A ball of mass 0.120 kg is dropped from rest from a height of 1.25 m. It rebounds from the floor to reach a height of 0.600 m. What impulse was given to the ball by the floor?
answer in kg·m/s
figure the velocity at impact, and leaving impact.
at impact, velocity= sqrt 2gh
returning, velocity= sqrt 2gh*.6 opposite direction
change velocity= Vi-Vf=sqrt2gh+sqrt(2gh*.6)
impulse= mass*changevelocity, upward direction.
8.78
To find the impulse given to the ball by the floor, we can use the principle of conservation of mechanical energy. The total mechanical energy of the ball-floor system remains constant throughout the motion.
The initial mechanical energy of the ball is given by:
E_initial = m * g * h_initial
where m is the mass of the ball (0.120 kg), g is the acceleration due to gravity (approximated to 9.8 m/s²), and h_initial is the initial height (1.25 m).

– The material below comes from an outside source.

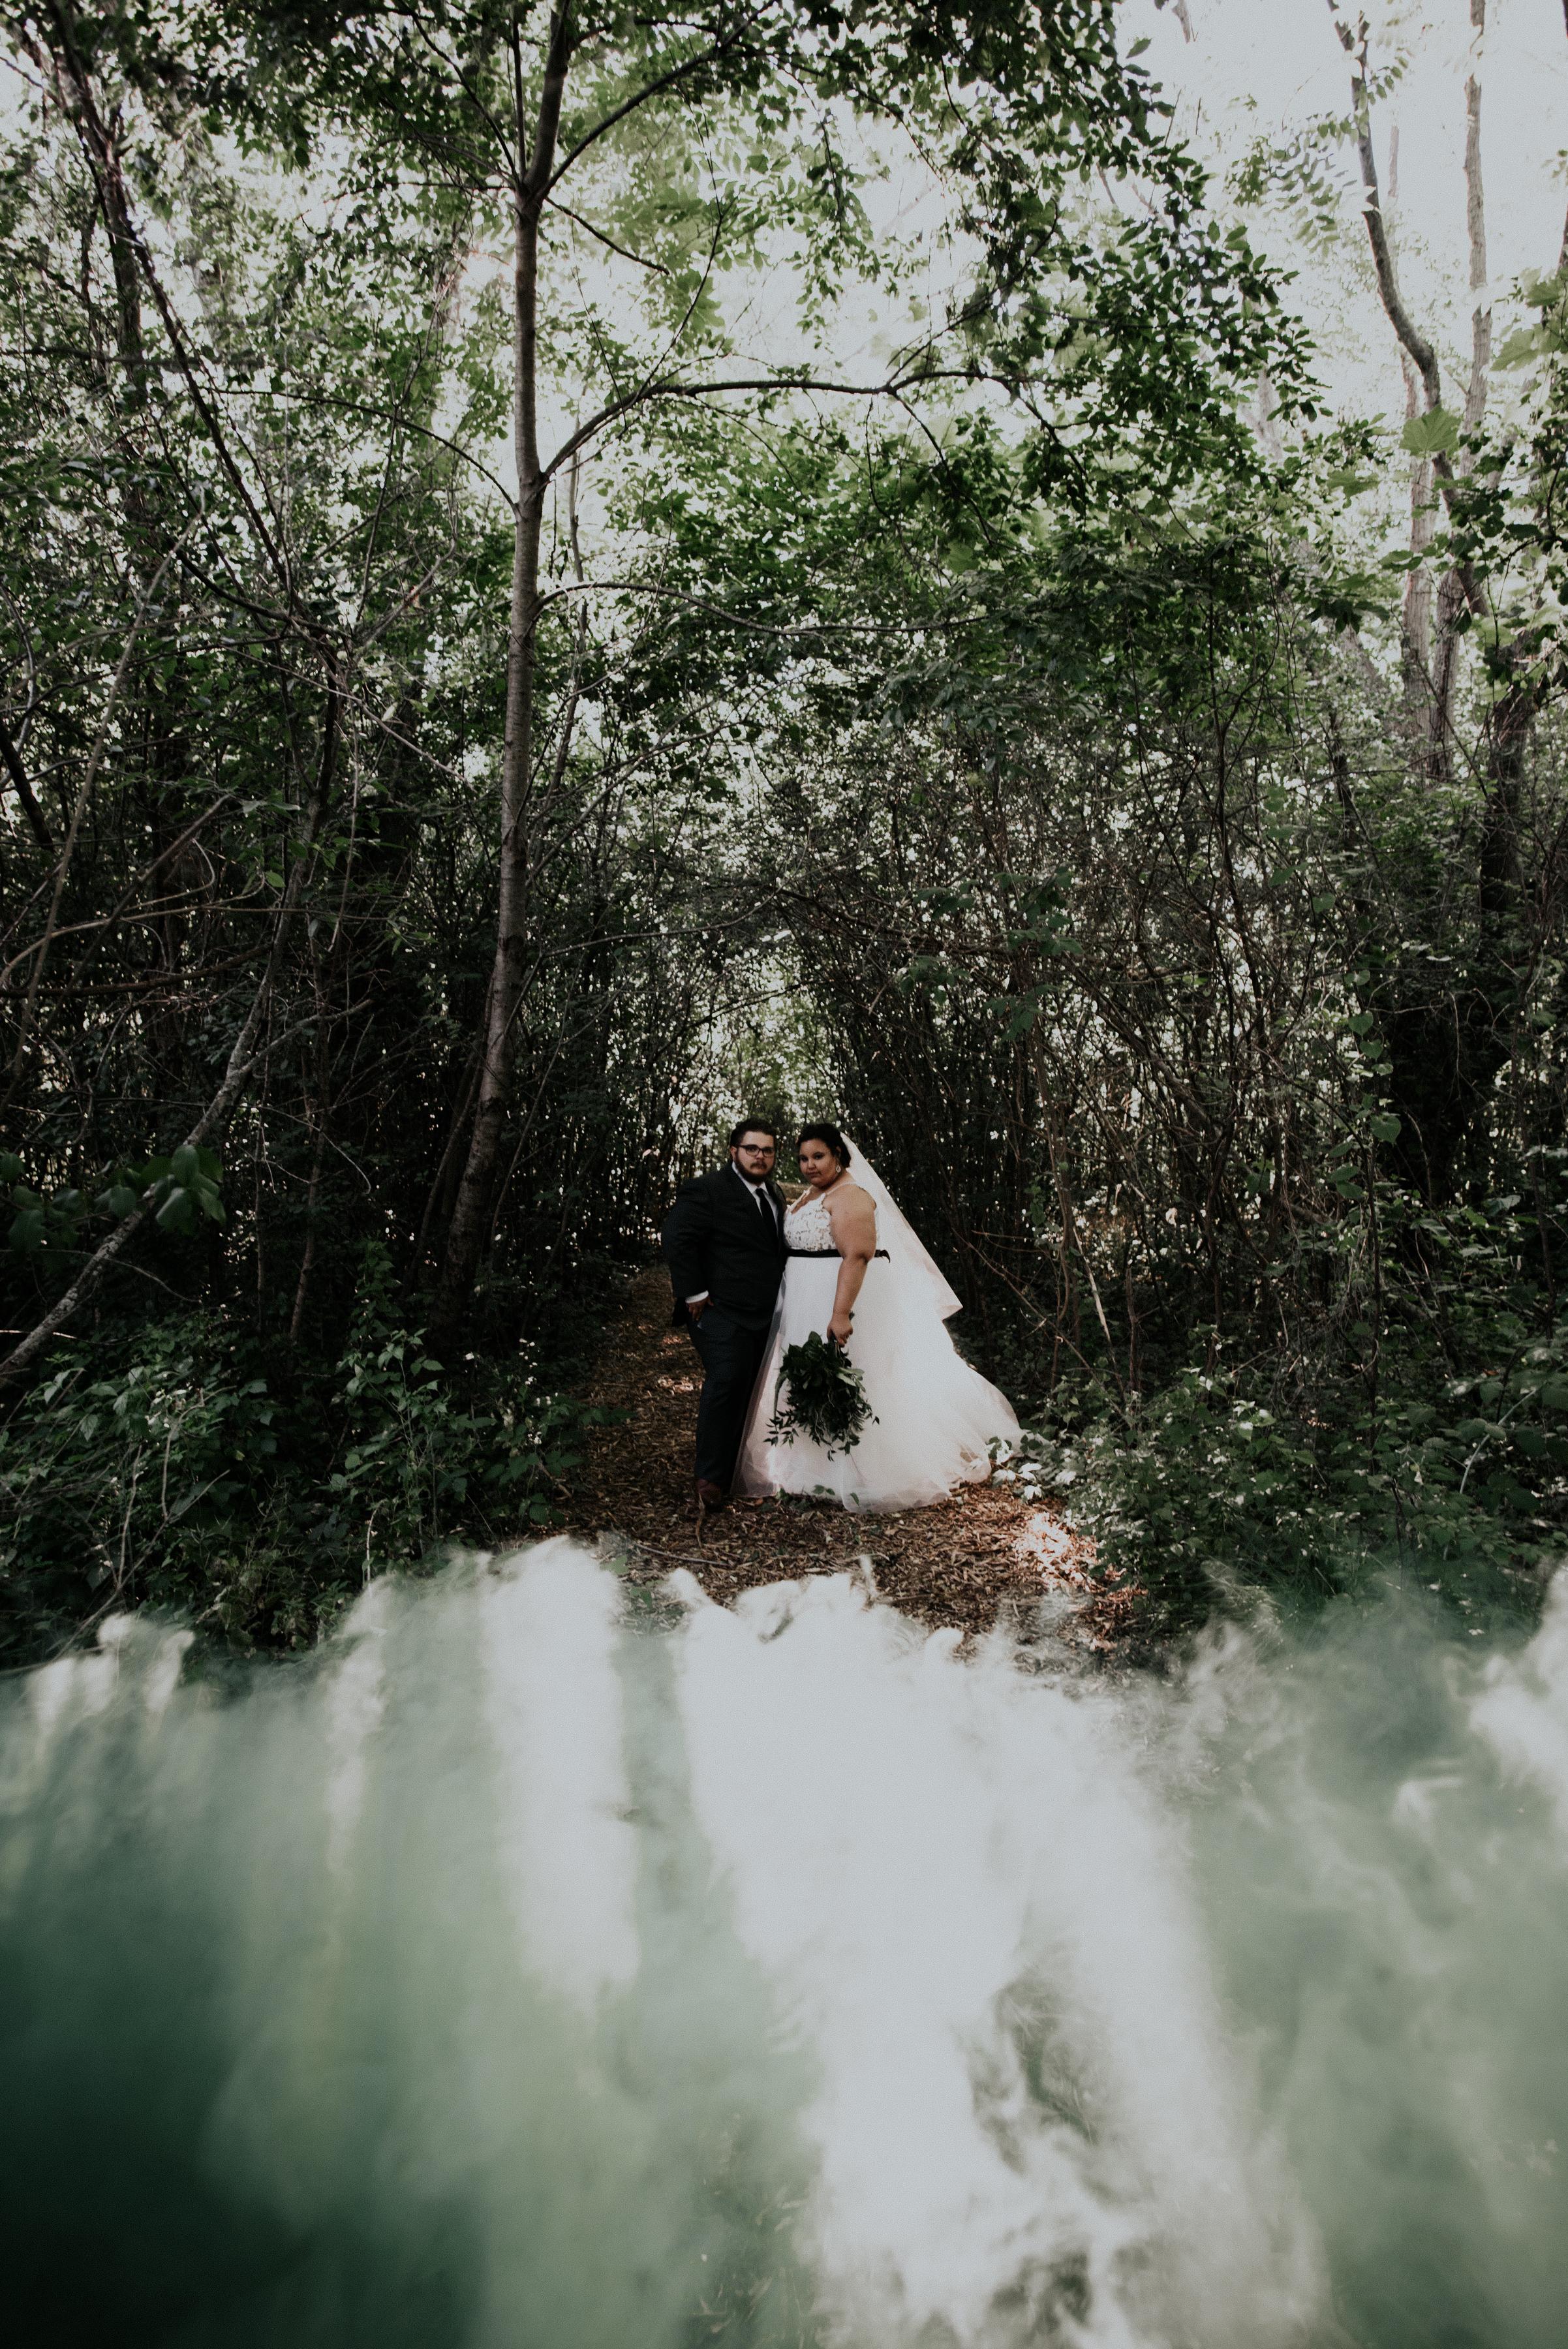 BridesbyYoung-RealWedding-PlusSizeBridal-BillyCourtney-JurassicParkTheme-40.jpg

The final mechanical energy of the ball is given by:
E_final = m * g * h_final
where h_final is the final height reached by the ball after rebounding (0.600 m).
Since energy is conserved, the impulse given to the ball by the floor can be calculated by the change in mechanical energy:
Impulse = ΔE = E_final - E_initial
Substituting the values, we get:
Impulse = (m * g * h_final) - (m * g * h_initial)
= m * g * (h_final - h_initial)
Now let's calculate the impulse:
Impulse = 0.120 kg * 9.8 m/s² * (0.600 m - 1.25 m)
= 0.120 kg * 9.8 m/s² * (-0.65 m)
= -0.7644 kg·m/s
Therefore, the impulse given to the ball by the floor is -0.7644 kg·m/s. The negative sign indicates a change in momentum in the opposite direction.